▸ **Exercise prompt**: Nothing but the lines from the one showing "BMW 318iS 1997 photo - 10" through the final line of the data below belongs in the answer, duplicated exactly and without pictures.

- - - -

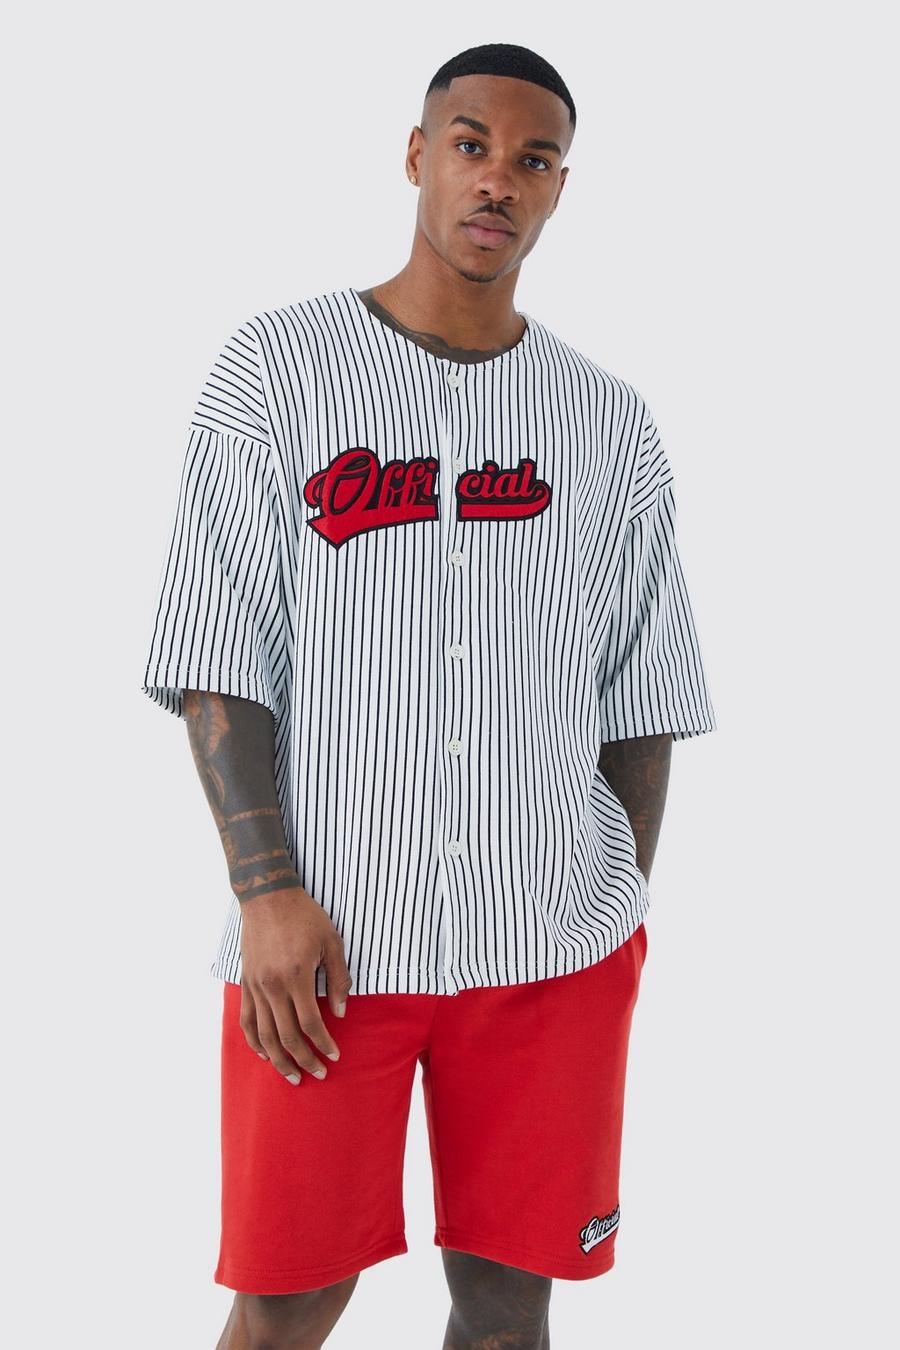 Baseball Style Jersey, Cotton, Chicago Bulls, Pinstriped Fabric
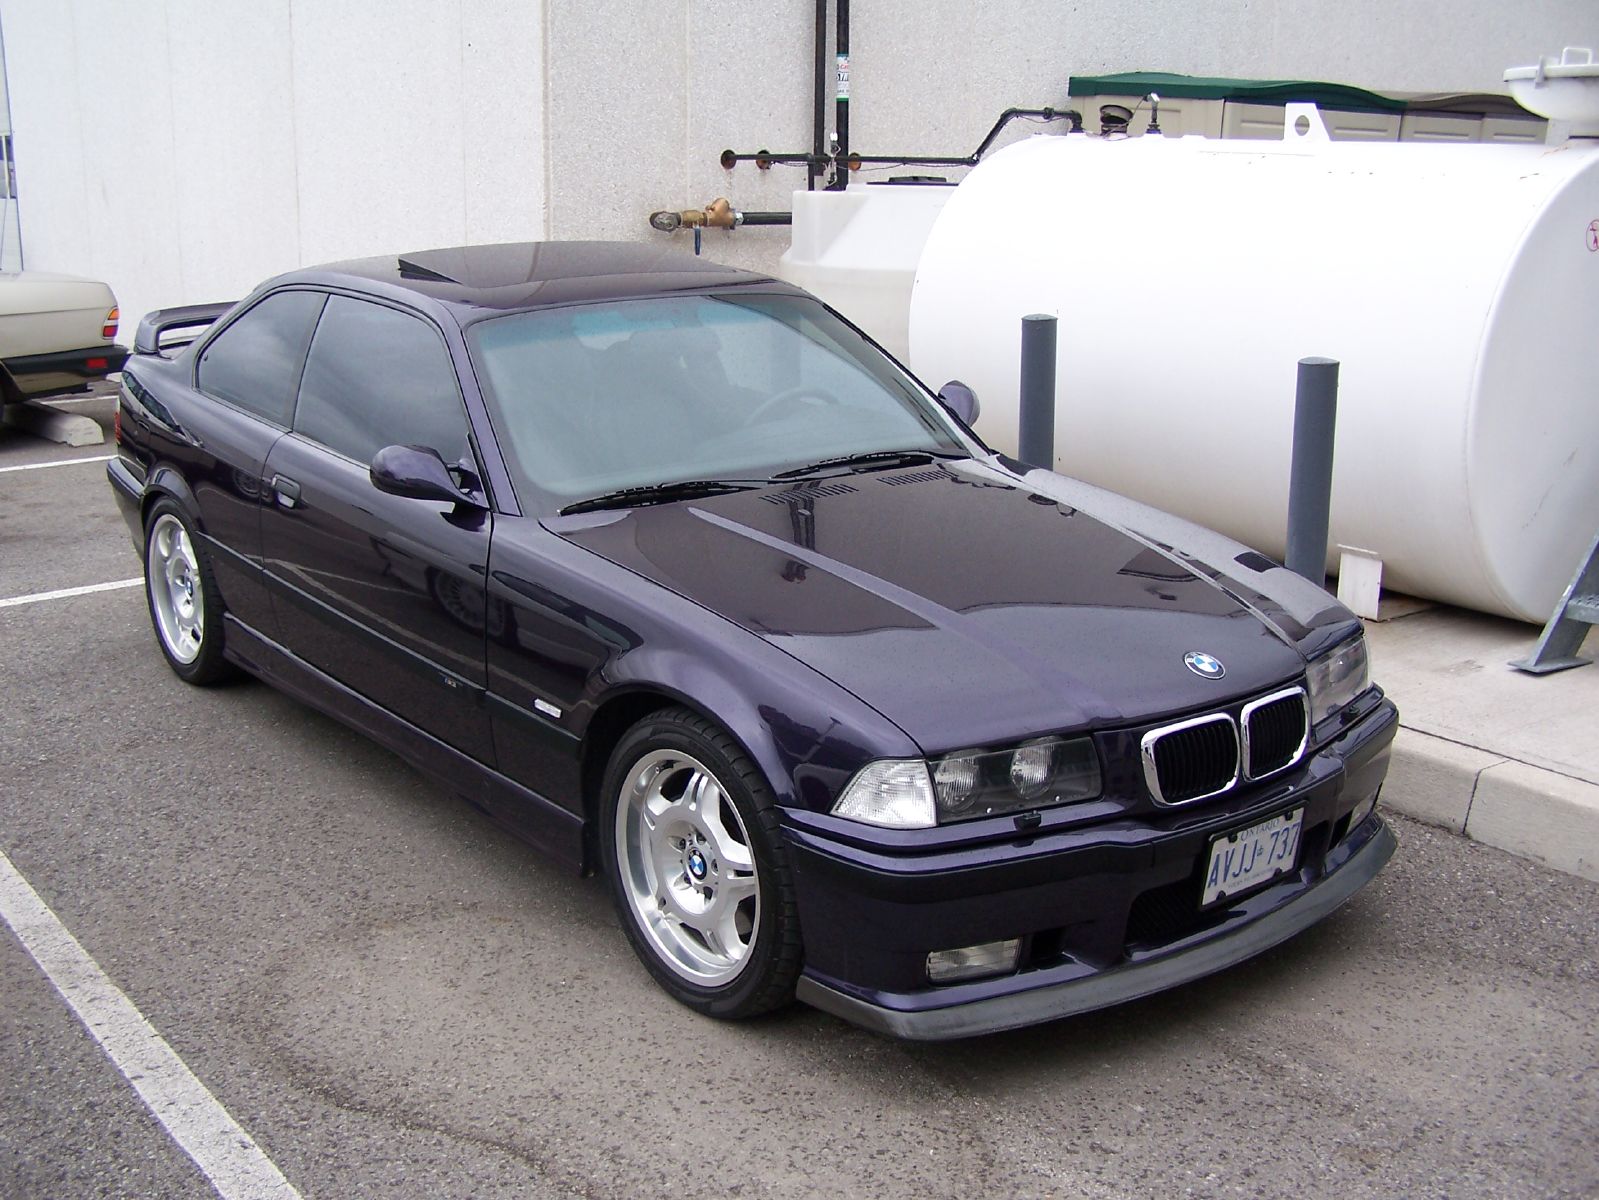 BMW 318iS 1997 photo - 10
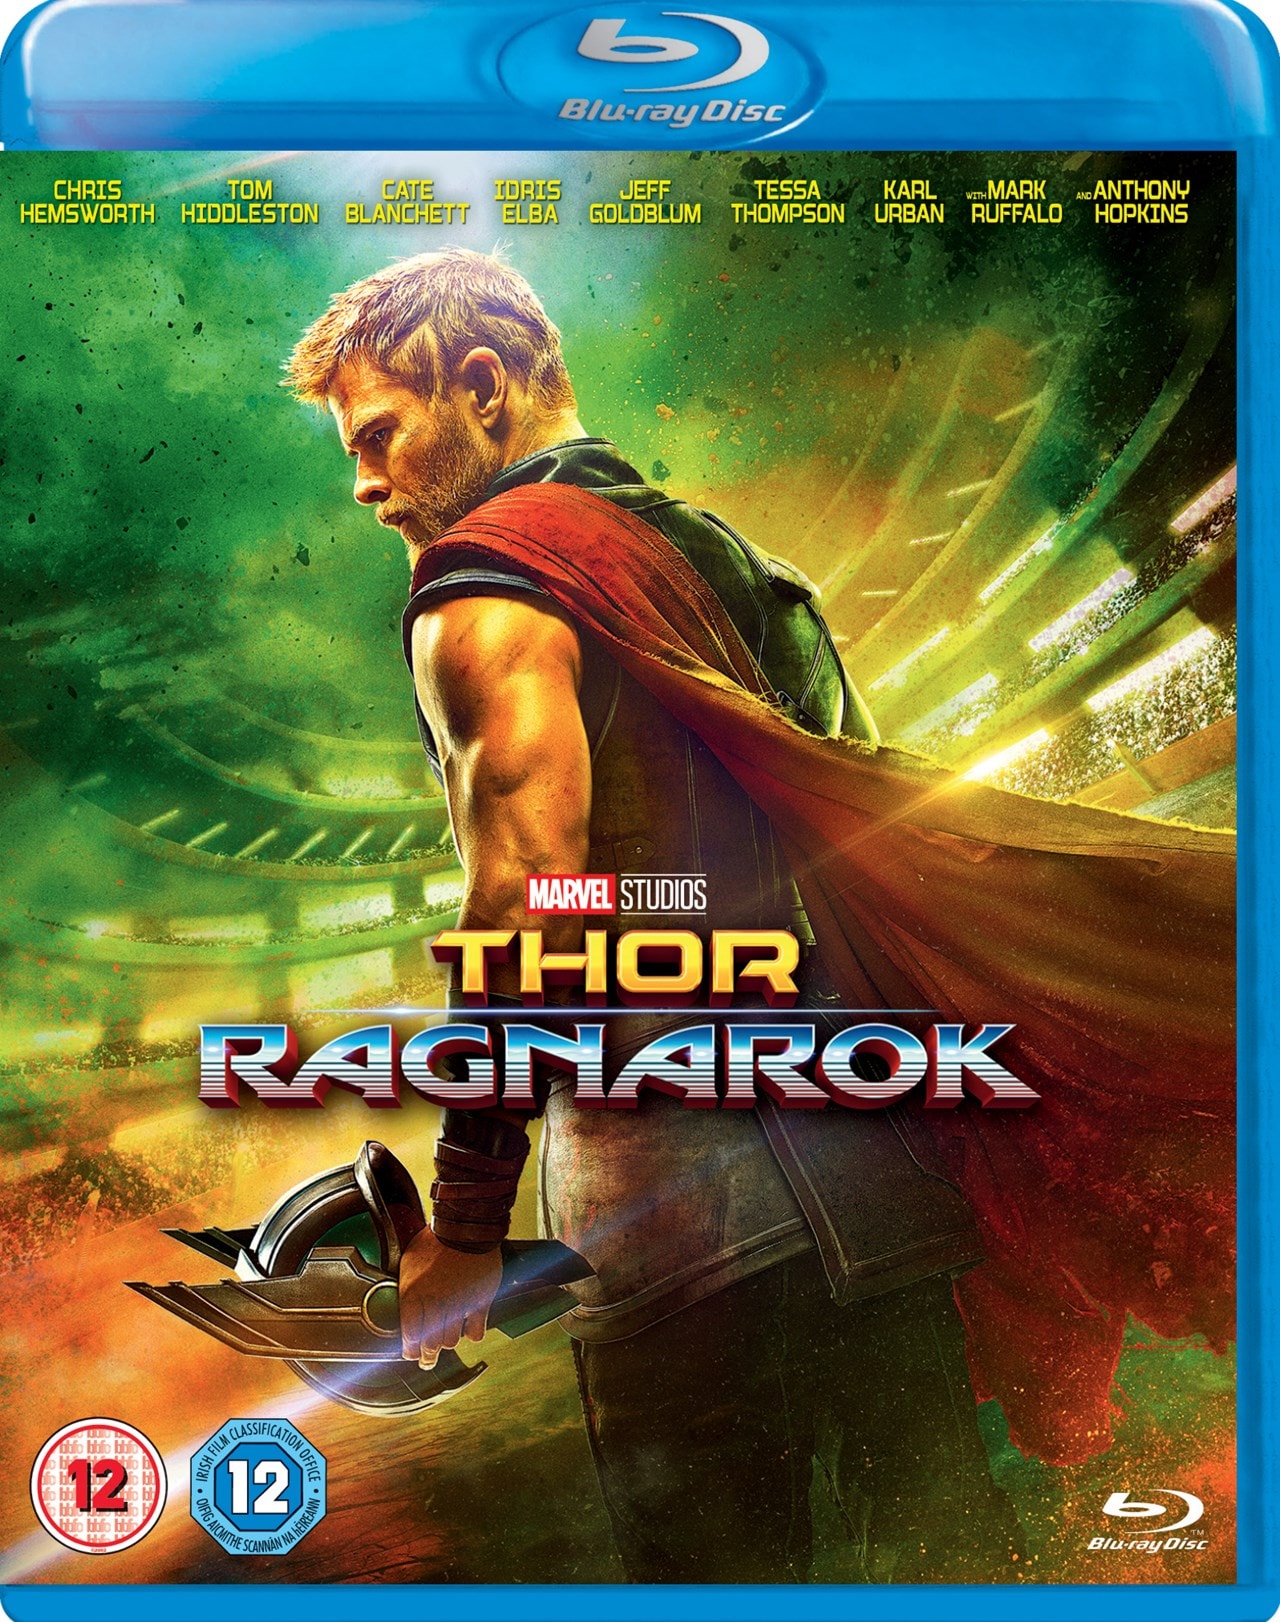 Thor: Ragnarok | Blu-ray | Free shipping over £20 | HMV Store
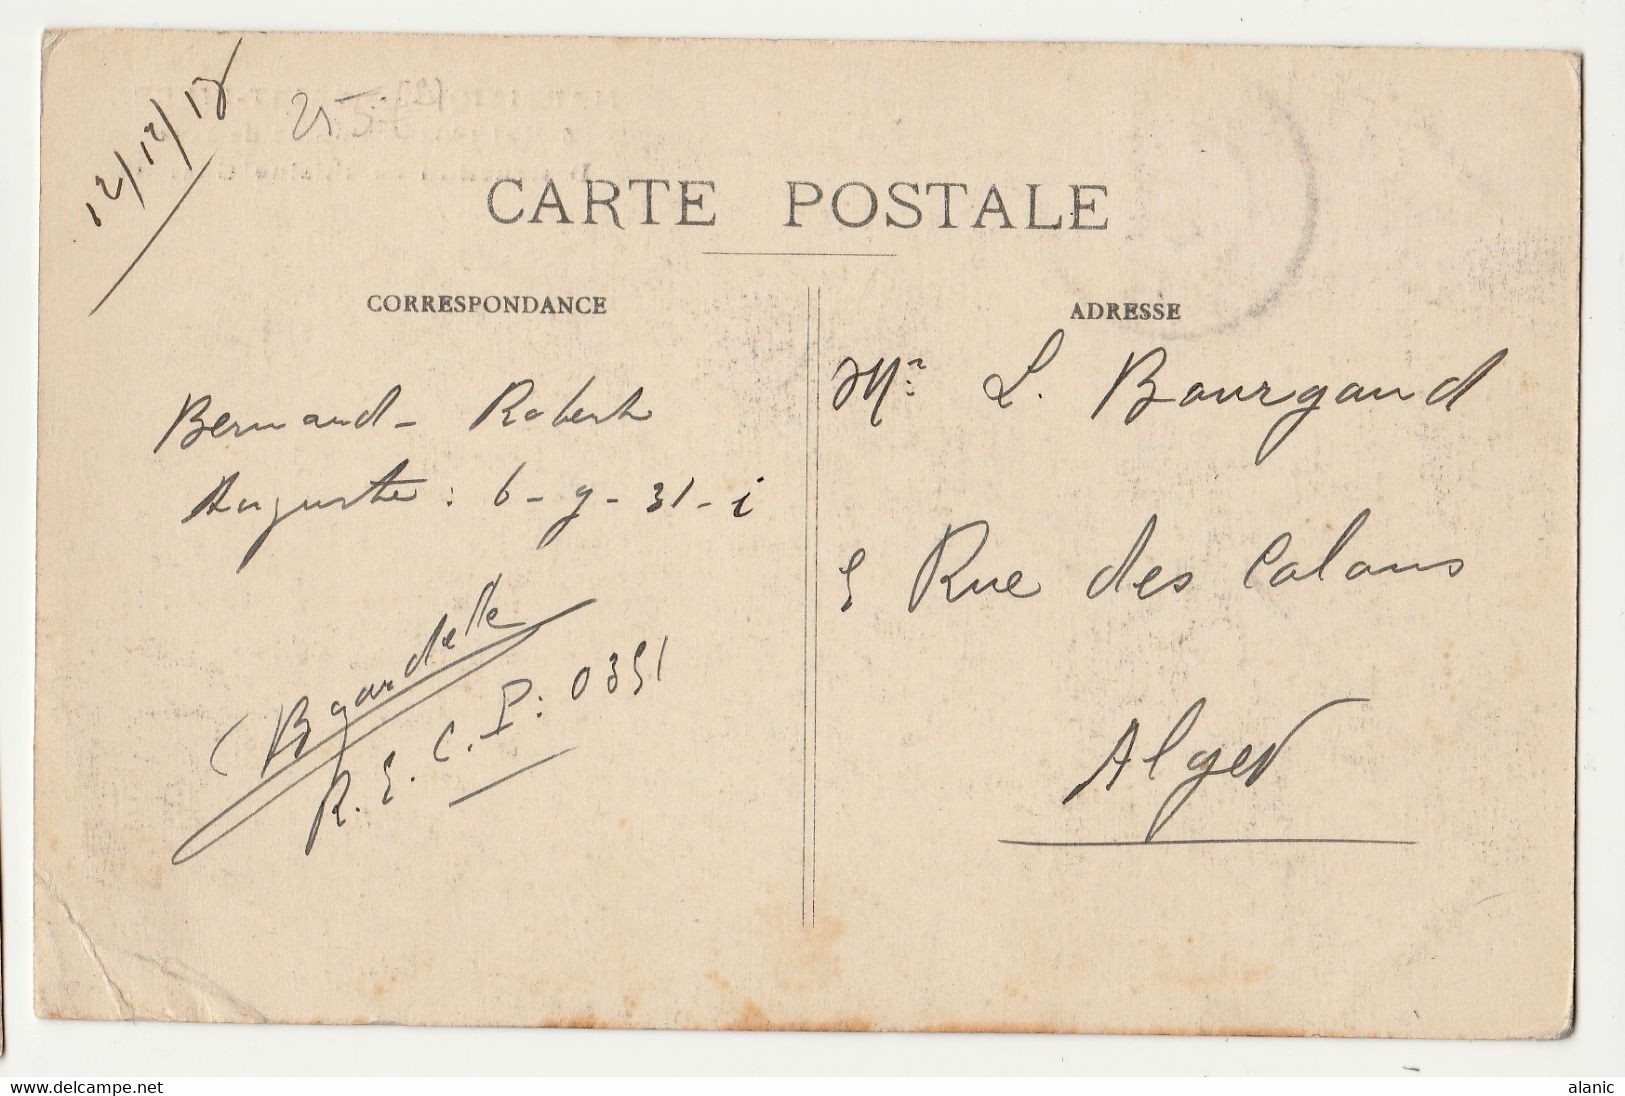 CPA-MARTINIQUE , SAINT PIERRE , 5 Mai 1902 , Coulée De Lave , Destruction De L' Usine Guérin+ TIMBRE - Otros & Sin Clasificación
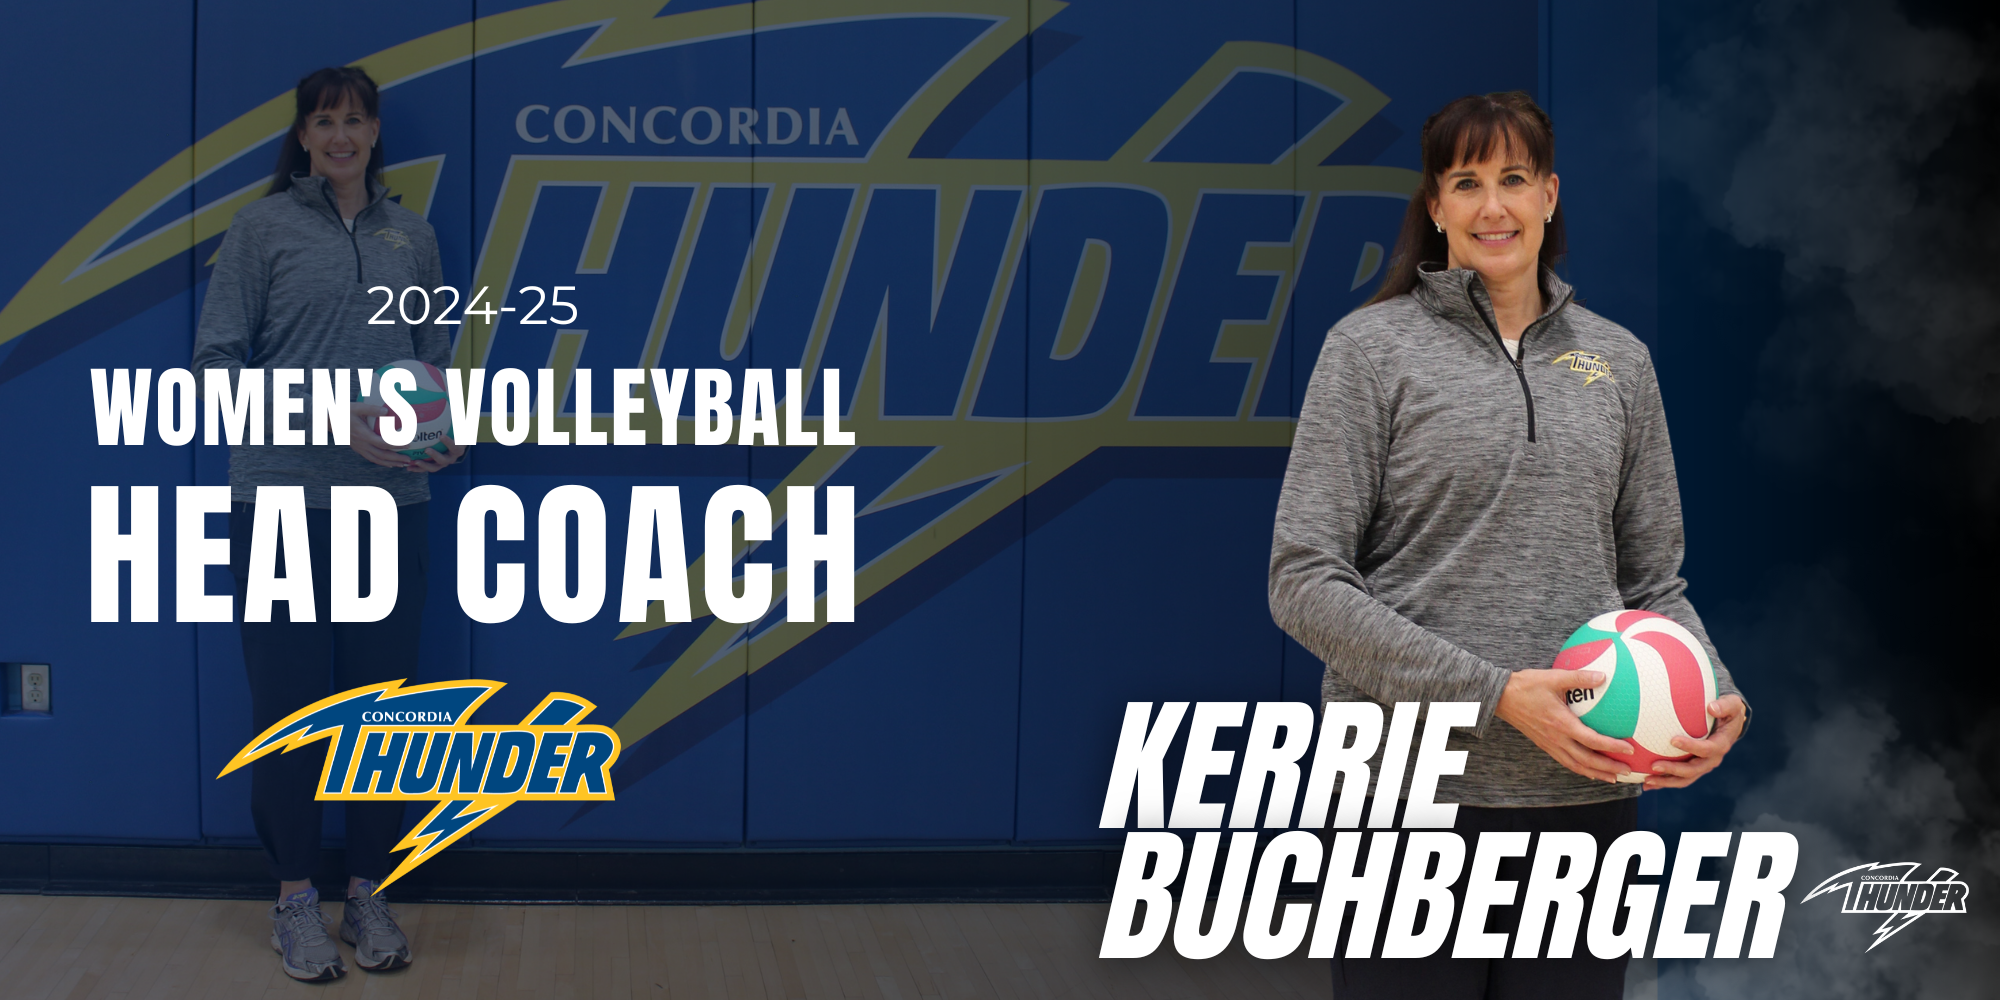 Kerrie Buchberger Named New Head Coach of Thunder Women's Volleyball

- - - -

▸ **Task solution**:
 BMW 318iS 1997 photo - 10
 Thor: Ragnarok | Blu-ray | Free shipping over £20 | HMV Store
 CPA-MARTINIQUE , SAINT PIERRE , 5 Mai 1902 , Coulée De Lave , Destruction De L' Usine Guérin+ TIMBRE - Otros & Sin Clasificación
 Kerrie Buchberger Named New Head Coach of Thunder Women's Volleyball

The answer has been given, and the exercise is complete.